From 7c1a9d886a5f500219df9303bc6c1782e29f84fe Mon Sep 17 00:00:00 2001
From: Sam & Hermes <hello@clawdie.si>
Date: Sun, 31 May 2026 15:21:10 +0200
Subject: [PATCH 2/2] feat: add PromptAssembly + CacheMetrics structs (T1.4 PR
 1)
MIME-Version: 1.0
Content-Type: text/plain; charset=UTF-8
Content-Transfer-Encoding: 8bit

Structural only — no behavior change.
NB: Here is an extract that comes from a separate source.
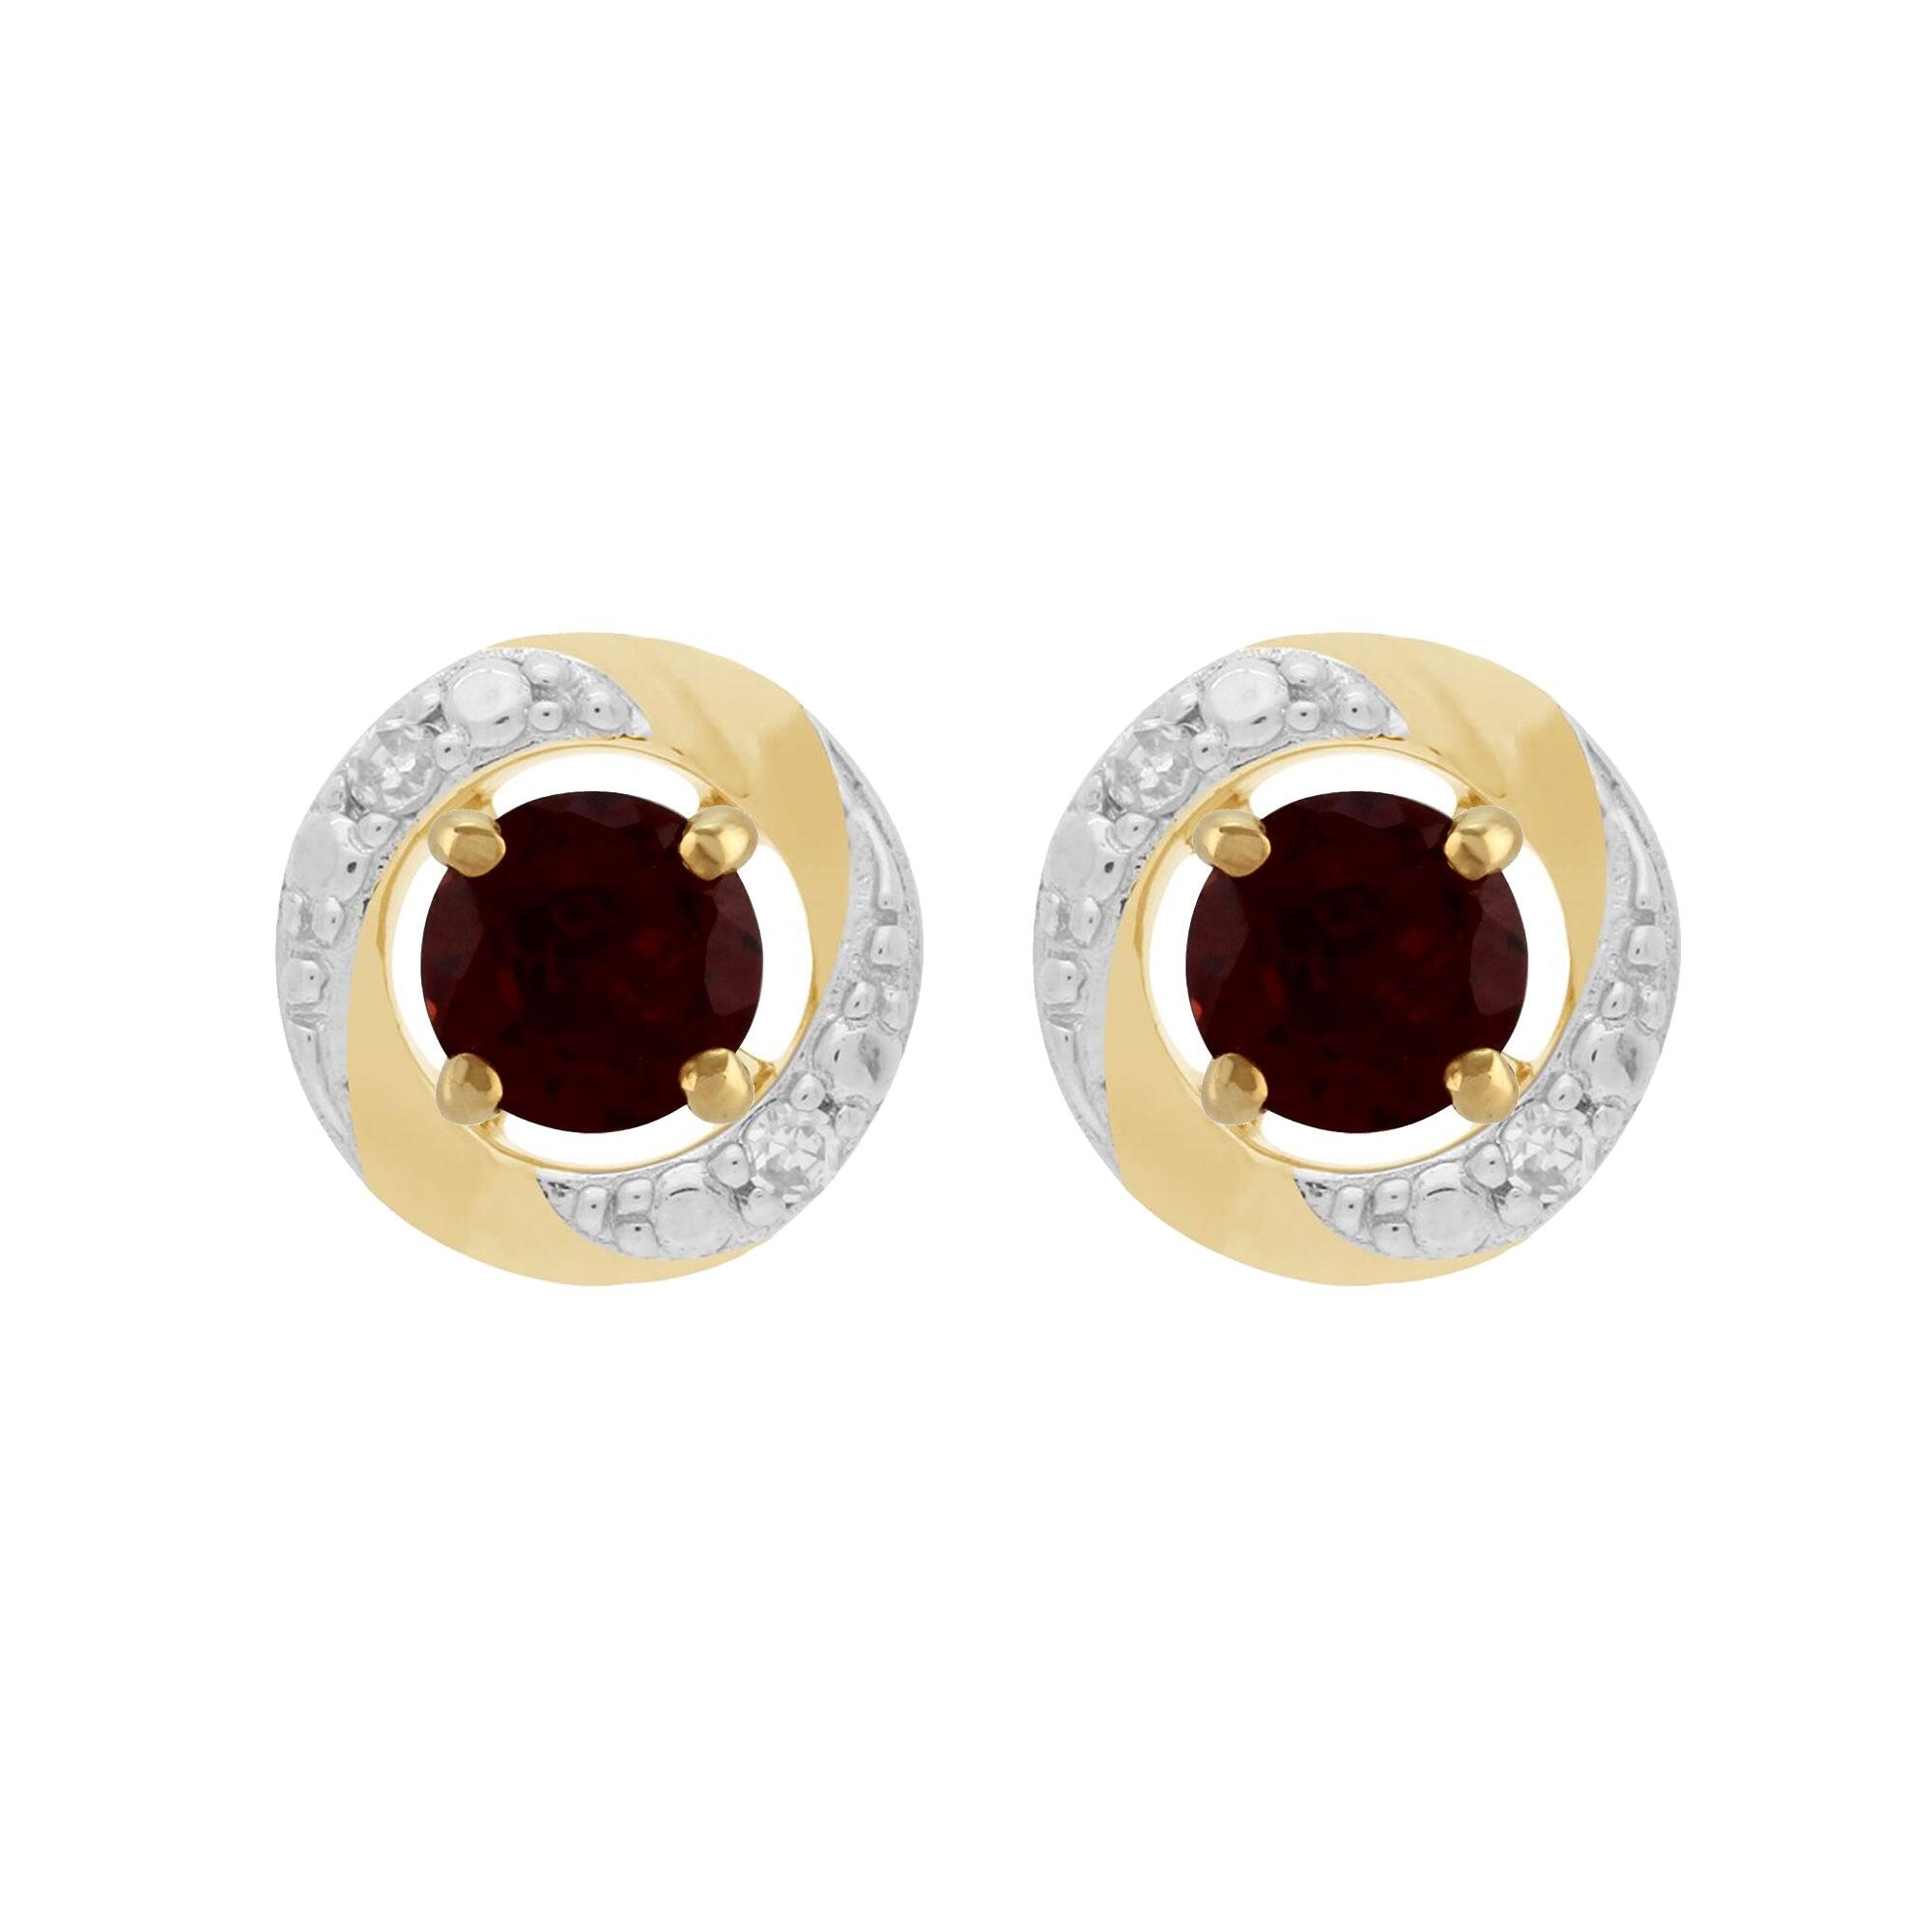 Classic Round Garnet Stud Earrings with Detachable Diamond Halo Ear Jacket in 9ct Yellow Gold

Introduces:

- PromptAssembly: named 3-region wrapper around build_prompt_messages()
  with to_messages(), immutable_prefix, appendable_log, volatile_scratch,
  total_bytes, estimated_tokens.

- CacheMetrics: per-session cache-hit tracking with hit_rate() and
  record().

- Session::build_prompt_assembly() wraps existing build_prompt_messages()
  with no logic change.

- 5 golden tests: assembly structure, empty volatile, hit rate
  calculations, record accumulation.

- Linked T1.4-PROMPT-DISCIPLINE-PLAN.md from COLIBRI-CUTOVER-PLAN.md.

No trimming, no escalation, no scheduler changes — PR 2 and 3 follow.

Parked branches (colibri-skills, zot harness) untouched.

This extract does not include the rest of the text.